I bought a phone to replace a lot of tools at once. Including a watch.

------
aravan
Sun and my hunger are my best time tellers. What after sunset? my wife and
daughter calls me every 15 minutes 'when are you coming home?'.

In fact, I need smart-watch/device if that helps me to show me the driving
direction during the rush driving in Indian cities on two wheeler (motor bike)
when going to new places.

------
onhopwood
I love android, so short answer is No.

But i still think there are possible other watches i would get over this. I
think apple is trying to make the rolex of smart watches, especially with a
price tag of 10,000 for the higher end ones. But I think anyone who wants a
nice watch like that will still buy a nice mechanical or Rolex watch.

------
sdrothrock
Also an Android user. I'm perfectly happy with the Moto 360 and don't really
see what an Apple Watch would offer me that the Moto 360 doesn't already. It's
hard to judge, though, since:

1\. A lot of the judgment is based on aesthetics and the 360 is great for me.

2\. There isn't much out there about what the Apple Watch can/will actually
do.

------
akhilcacharya
Currently no, as I own a Nexus 5 as my daily driver. If I end up upgrading to
the iPhone 6, then I may pick up a sport if I have an extra $400 burning
through my pocket.

I love the fact that it has built in NFC, WiFi, and a speaker, and do hope
this carries over to the Android Wear ecosystem.

------
drewnick
No.

I don't wear a watch now, but I get lots of phone calls. I was interested in
the phone via watch concept, but really I think it'll be a few years before
that's bulletproof.
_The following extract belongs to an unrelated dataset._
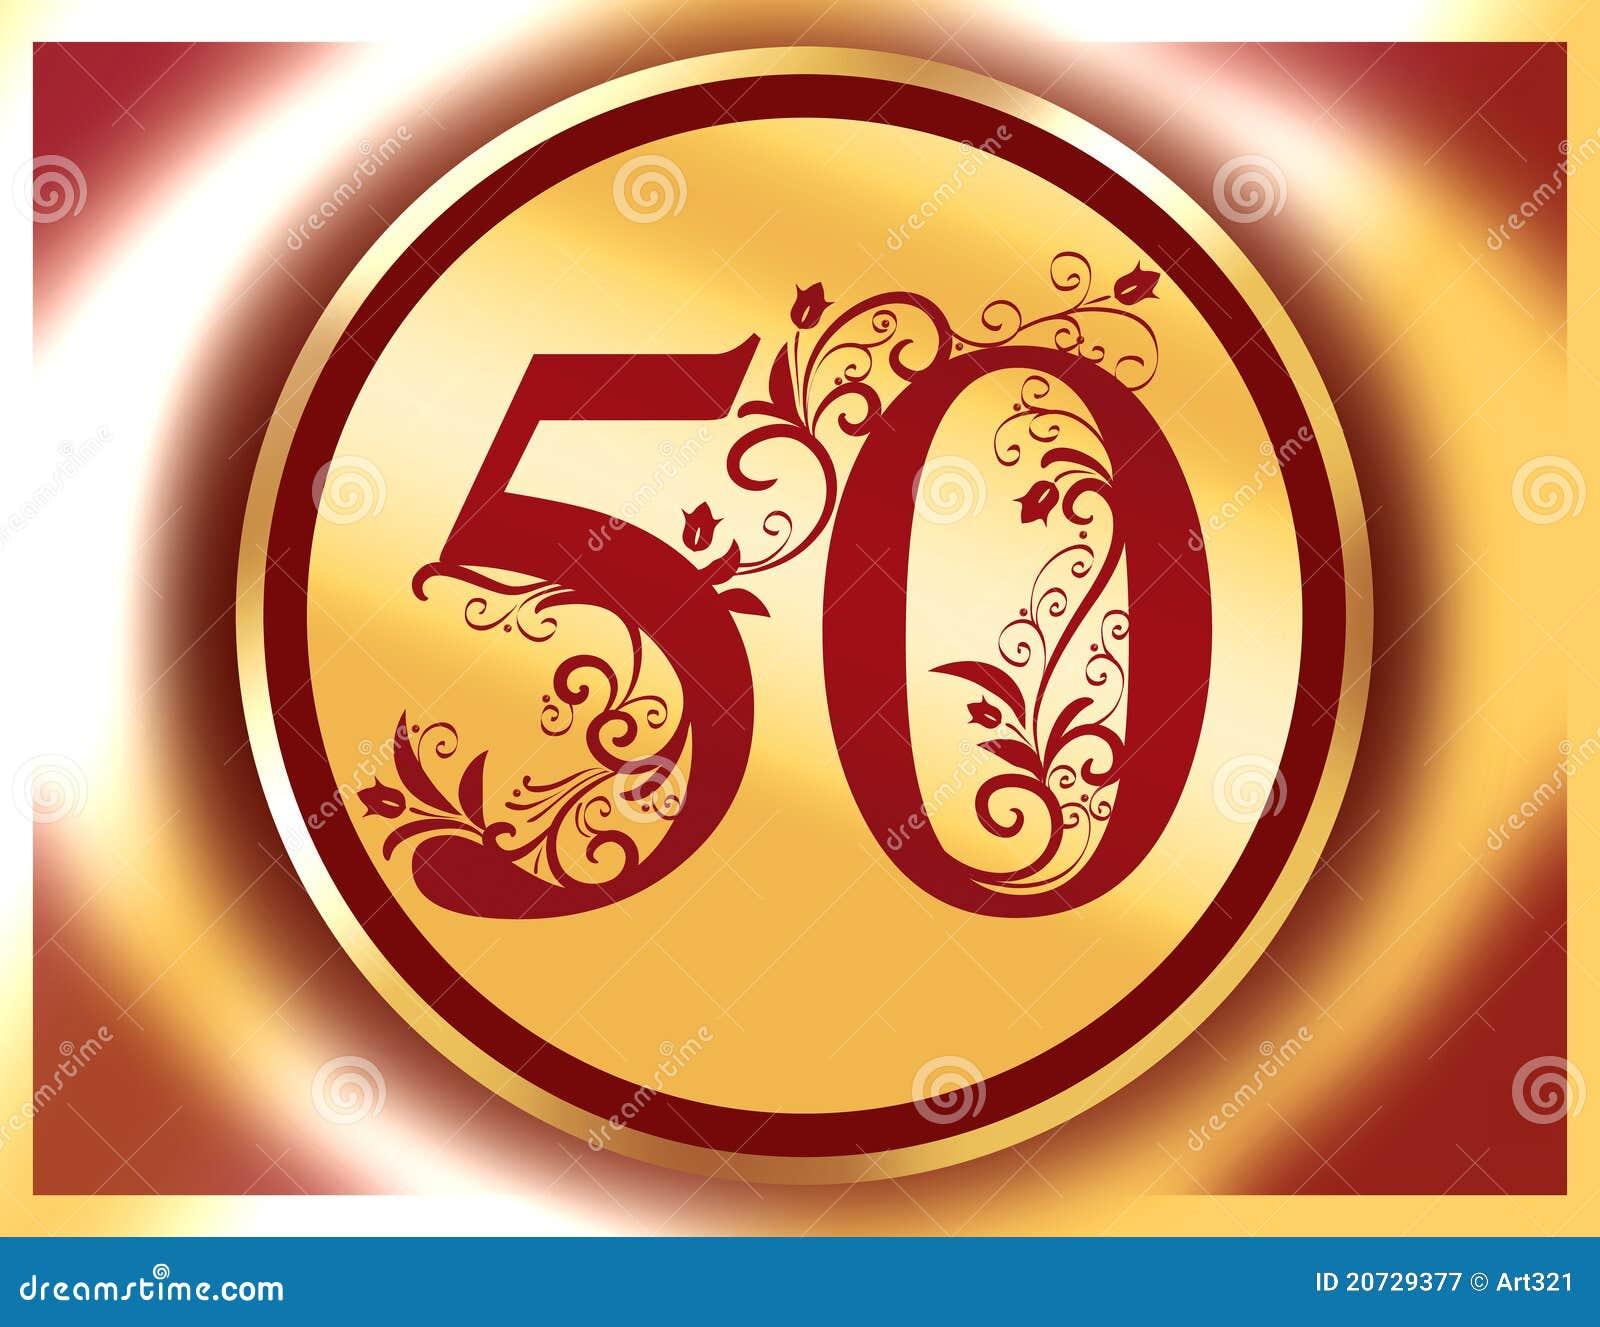 Поздравления с днем рождения мужчине 50 лет картинки

I noticed a delay in the demo, similar to taking phone
calls from the iPhone on the Mac using continuity.

------
saluki
No, I don't miss wearing a watch and don't see any must have apps/features at
this time. (If it was stand alone and didn't need to tether to my iPhone I
might consider it, but even then probably not at this time).

------
mathgeek
No, for two reasons:

* The cheapest model is not at all fashionable in a business casual setting (without swapping out the band).

* There is no clearly defined "this will make my life easier/better" function (yet).

------
rilita
No; the price is ludicrous compared to even existing smart watches.

------
jedanbik
Yes, at some point. I am very interested in the HealthKit integration. I'm
also interested in the timekeeping interface complications.

------
clarky07
yes, with the caveat that i'm an iOS developer making apps for it. I probably
would anyways, but it's a no brainer for me. The price is rough though. not
sure if I'll get the cheap one or the one i actually want (not talking about
gold obviously, just steel+sapphire vs aluminum+glass)

------
wsc981
Not really planning to, but I might need to get one for professional reasons
(I'm a freelance iOS dev).

------
thejrk
No. I hardly even wear my other watches. Simple as that.

------
MiddleEndian
No, but I use Windows Phone and hate wearing watches.

------
EpicEng
No; I'll stick with my automatics.